At Altora every microlot includes a complete technical sheet: farm, producer,
altitude, variety, process, SCA score and roast date. Coming soon.

→ Join the waitlist

Conclusion

Colombian specialty coffee is not a trend or a marketing term. It is the convergence of unique
geographical conditions, rigorous artisanal work, objective technical evaluation and a value chain
that respects all of its actors — starting with the producer.

The difference from commercial coffee is real, measurable and reproducible. It shows up in a score,
in a technical sheet, in a cup that smells of peach or orange blossom without anyone having added
anything. And in Colombia, that difference is built farm by farm, lot by lot, at altitudes where slow
ripening turns every bean into something exceptional.

Choosing Colombian specialty coffee is not just a consumption decision. It is a
decision of knowledge, respect for origin and recognition of the work that makes that cup possible.

Frequently Asked Questions About Colombian Specialty Coffee

What does it mean for a coffee to score 80 SCA points?

A coffee scoring 80 SCA points meets the minimum threshold to be officially classified as
specialty coffee by the Specialty Coffee Association. It means the coffee was evaluated under the
official cupping protocol by a certified taster (Q Grader), has no primary defects, and its
sensory attributes — aroma, flavor, acidity, body, balance and sweetness — exceed the minimum
quality threshold established internationally.

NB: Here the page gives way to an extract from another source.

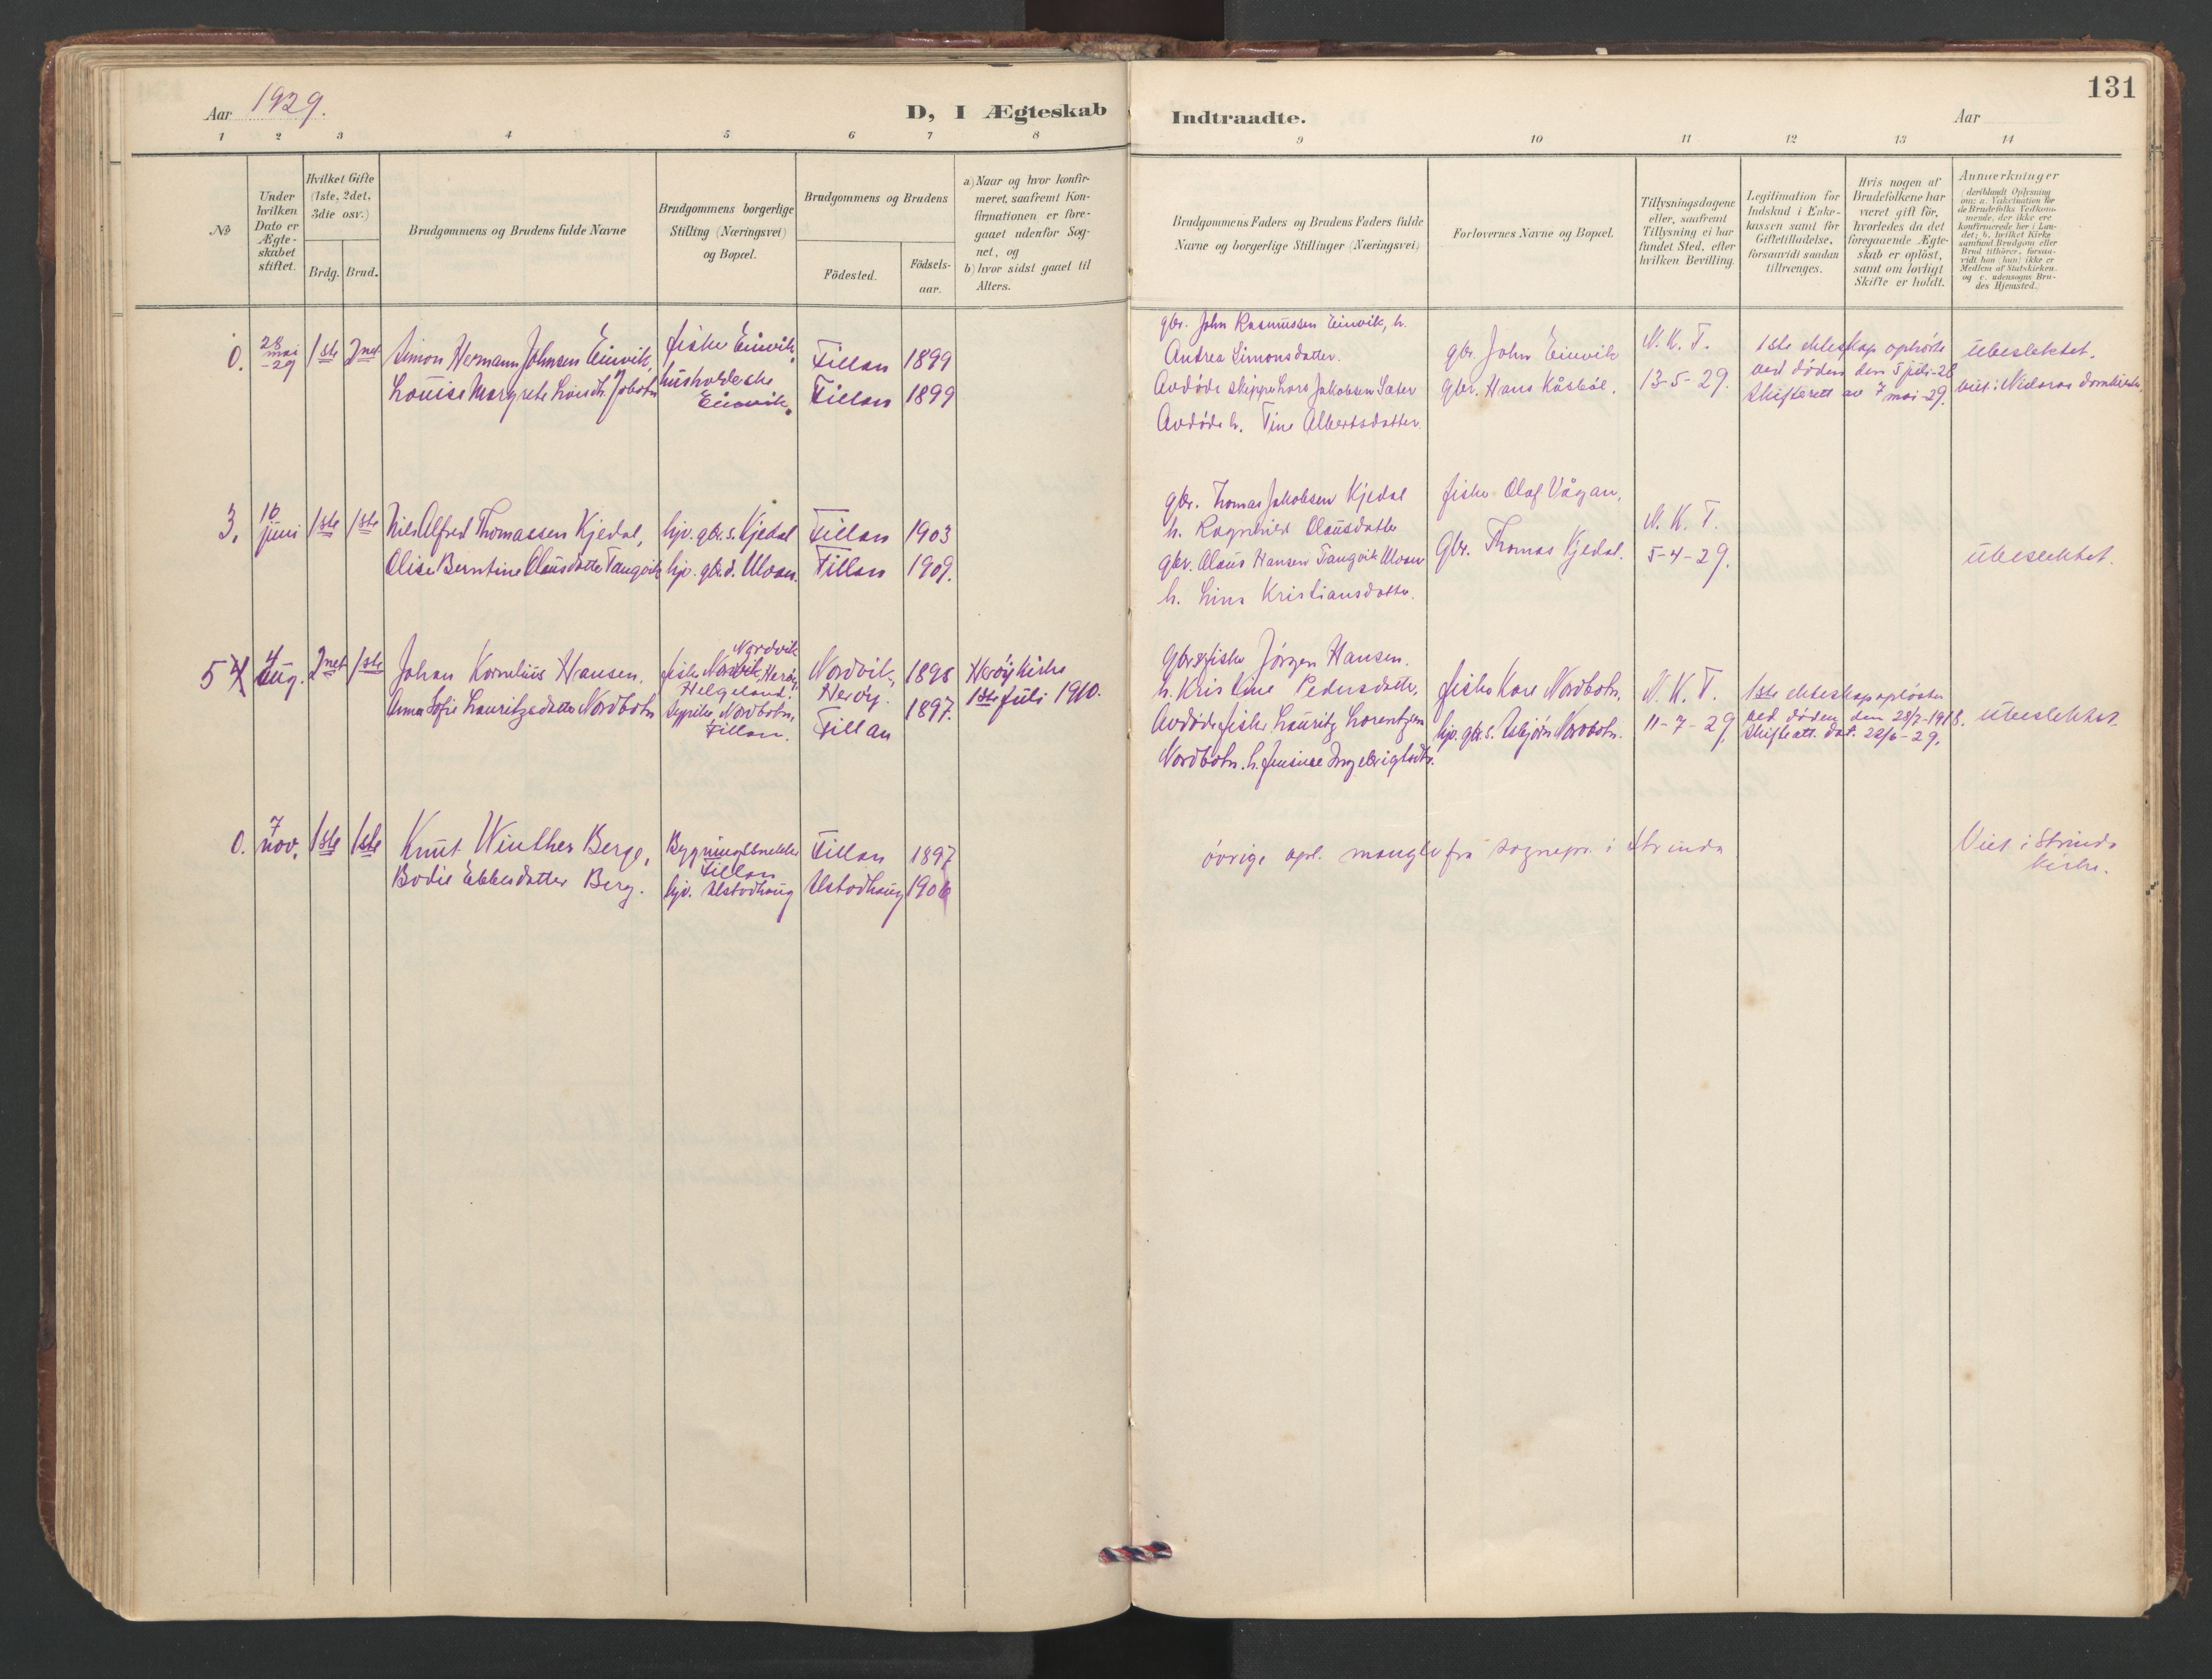 SAT, Ministerialprotokoller, klokkerbøker og fødselsregistre - Sør-Trøndelag, 638/L0571: Klokkerbok nr. 638C03, 1901-1930, s. 131

Is all Colombian coffee specialty coffee?

No. Colombia produces approximately 14 million bags of coffee per year, but only a fraction of
that production scores above 80 SCA points. Colombian origin is a privileged starting point — due
to its altitude, biodiversity and coffee tradition — but it is not an automatic guarantee of
quality. Grain selection, controlled processing, cupping and traceability are all required to
reach the specialty standard.

What is the difference between premium coffee and specialty coffee?

“Premium” is a commercial term with no technical standard or objective validation. Any brand
can call itself premium. “Specialty coffee” requires evaluation under the SCA protocol, a minimum
score of 80 points certified by a Q Grader, and verifiable traceability. They are completely
different categories: one is marketing, the other is a technical system.

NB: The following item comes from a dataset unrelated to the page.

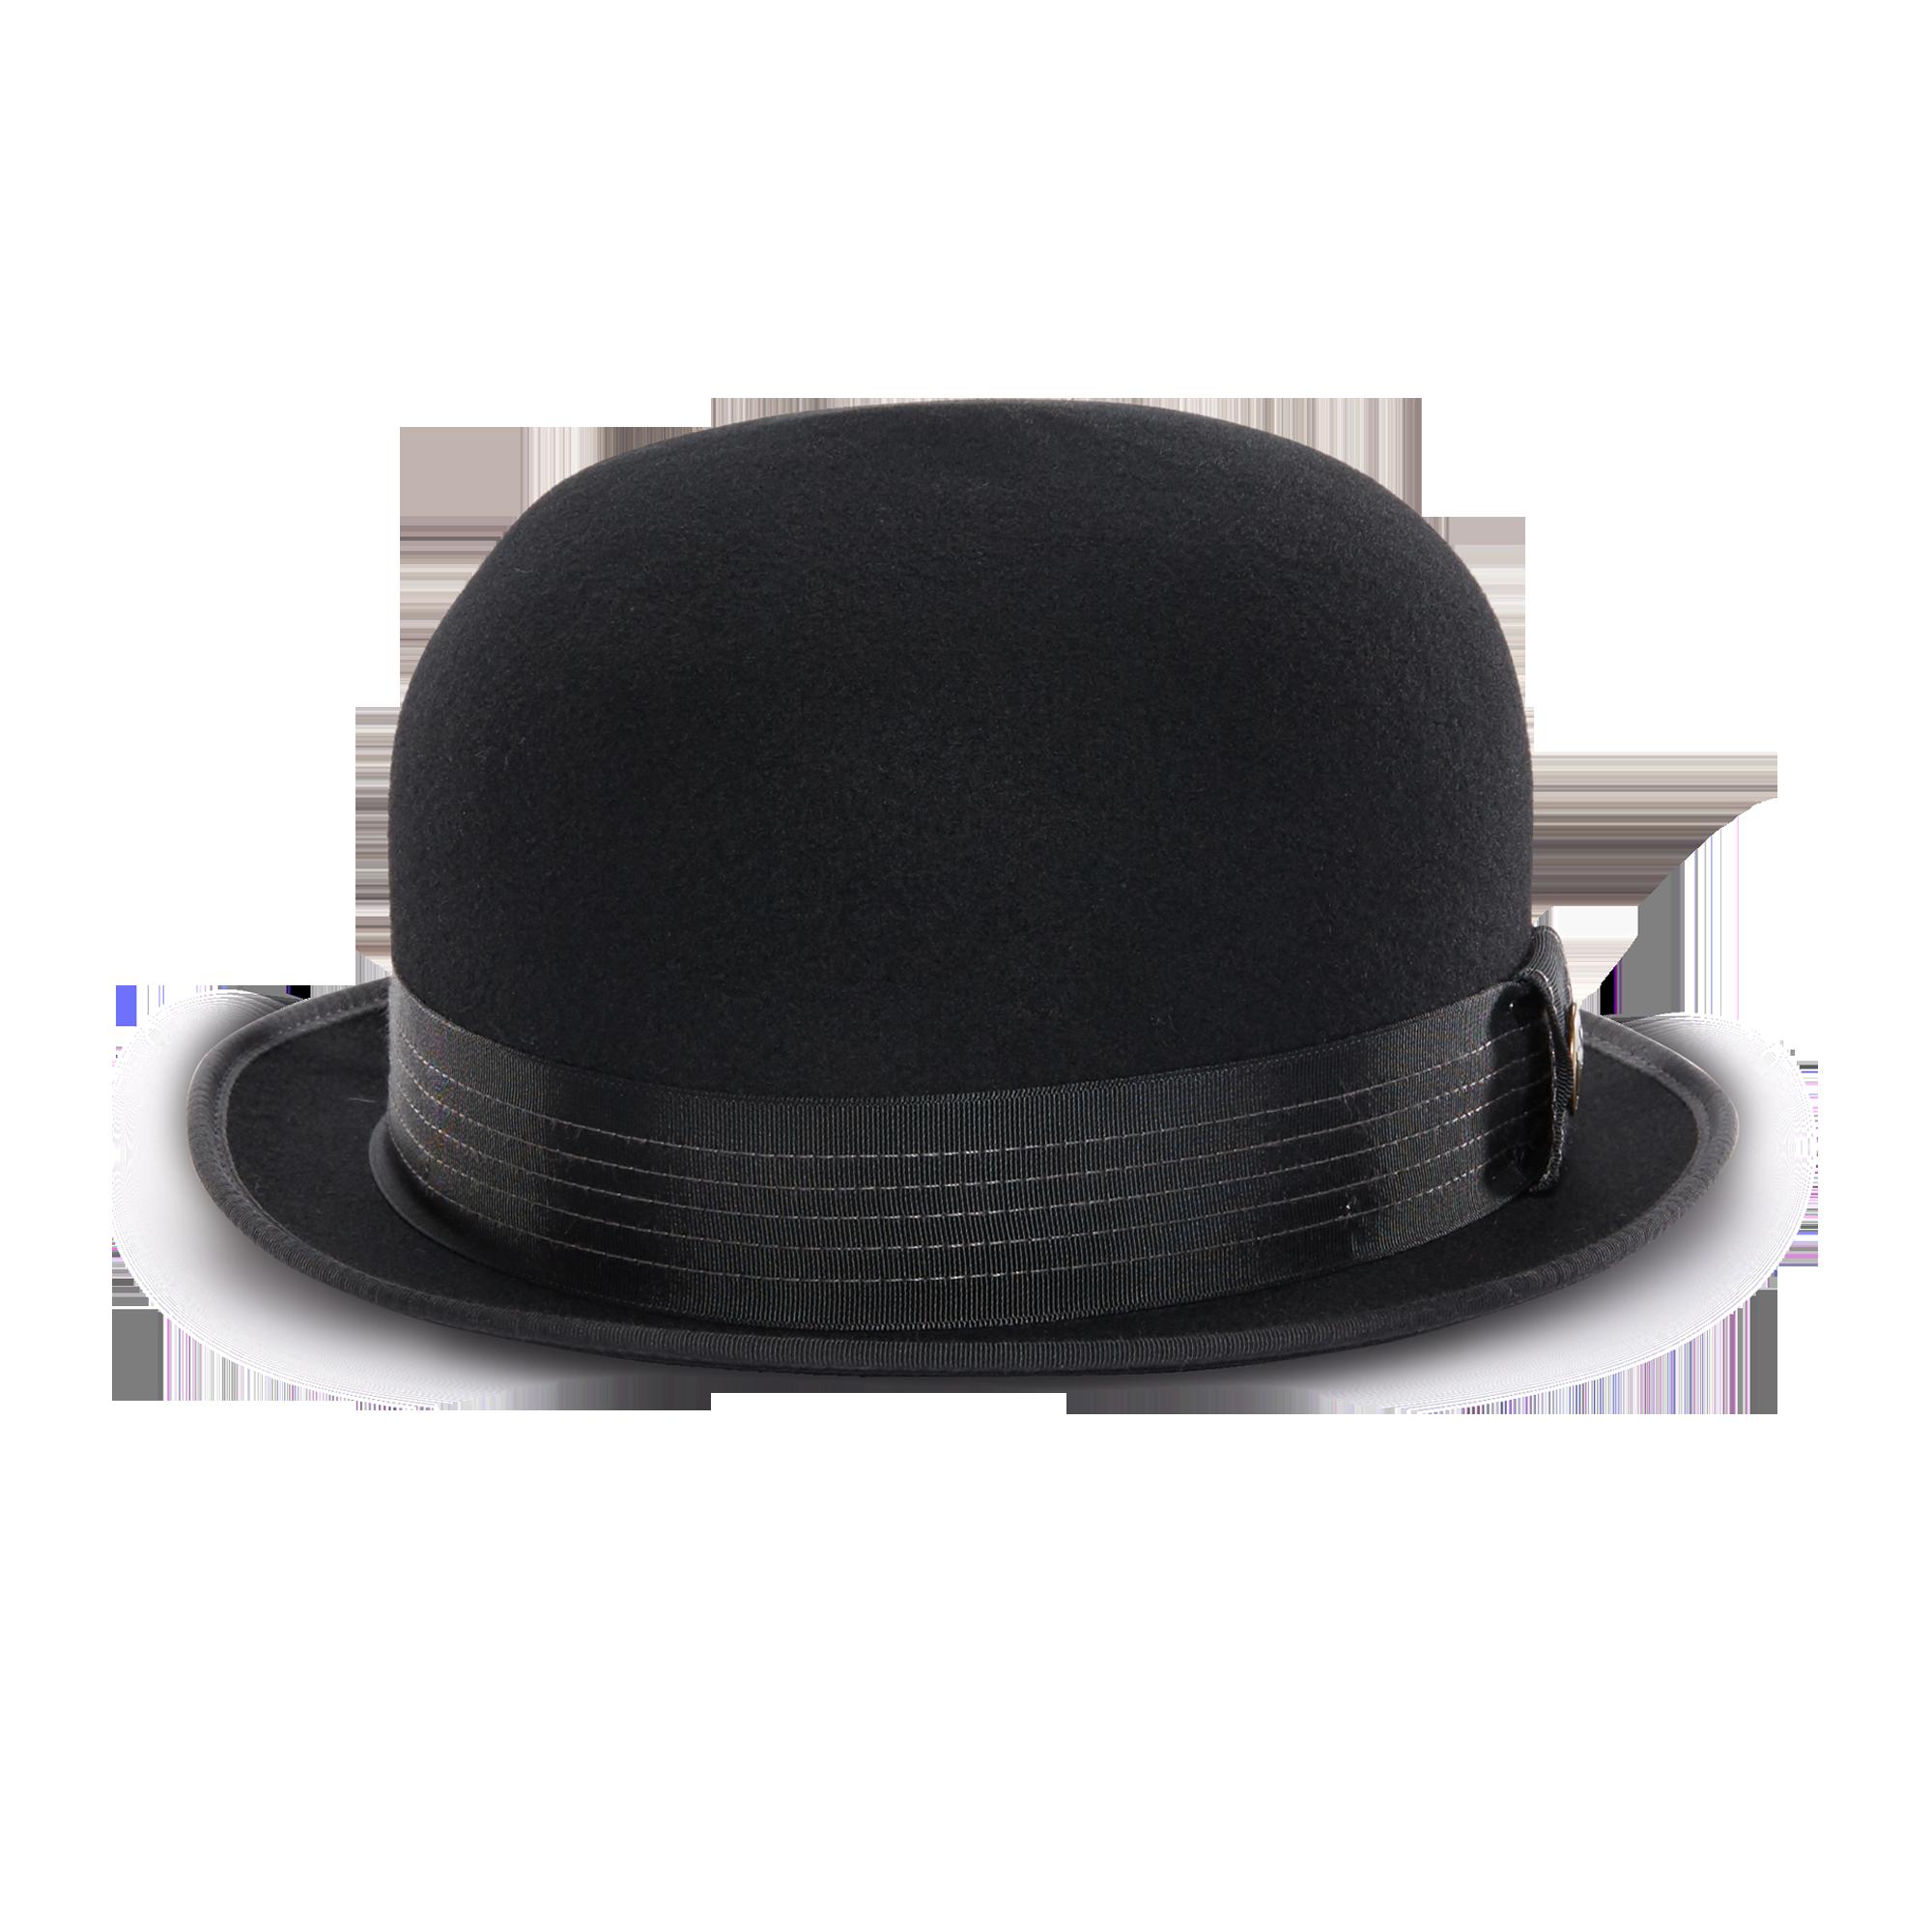 bowler hat samson - b2c catalog ueolyev

Is Colombian specialty coffee always highly acidic?

Not necessarily. Acidity depends on the region, variety and process. A natural-process coffee
from Huila can have soft acidity with full body and pronounced sweetness. A washed coffee from
Nariño can have bright, floral acidity. The key is that in specialty coffee, acidity — when
present — is positive, balanced and part of its complexity, not a processing or extraction defect.

How do I know if I am buying real Colombian specialty coffee?

The packaging or technical sheet must include: an SCA score of 80 points or more, a specific
origin (farm or municipality, not just “Colombia”), altitude, variety, post-harvest process and
a visible roast date. If any of these details are unavailable, it is not verifiable specialty
coffee — regardless of what the label says.

What is a specialty coffee microlot?

A microlot is a small batch of coffee — generally between 30 and 500 kilograms — produced by
a single farmer or on a specific plot within a farm, harvested in a given season. Because it is
small and traceable, a microlot allows full control over the process and quality. It is the most
precise expression of Colombian terroir: every cup is unrepeatable.

Why is the roast date important in specialty coffee?

Specialty coffee is at its peak between 7 and 45 days after roasting. Beyond that window,
aromatic compounds degrade and the sensory profile flattens. A visible roast date is a sign of
honesty and professionalism from the roaster. If the packaging only shows a best-before date or
no roast date at all, that is a red flag.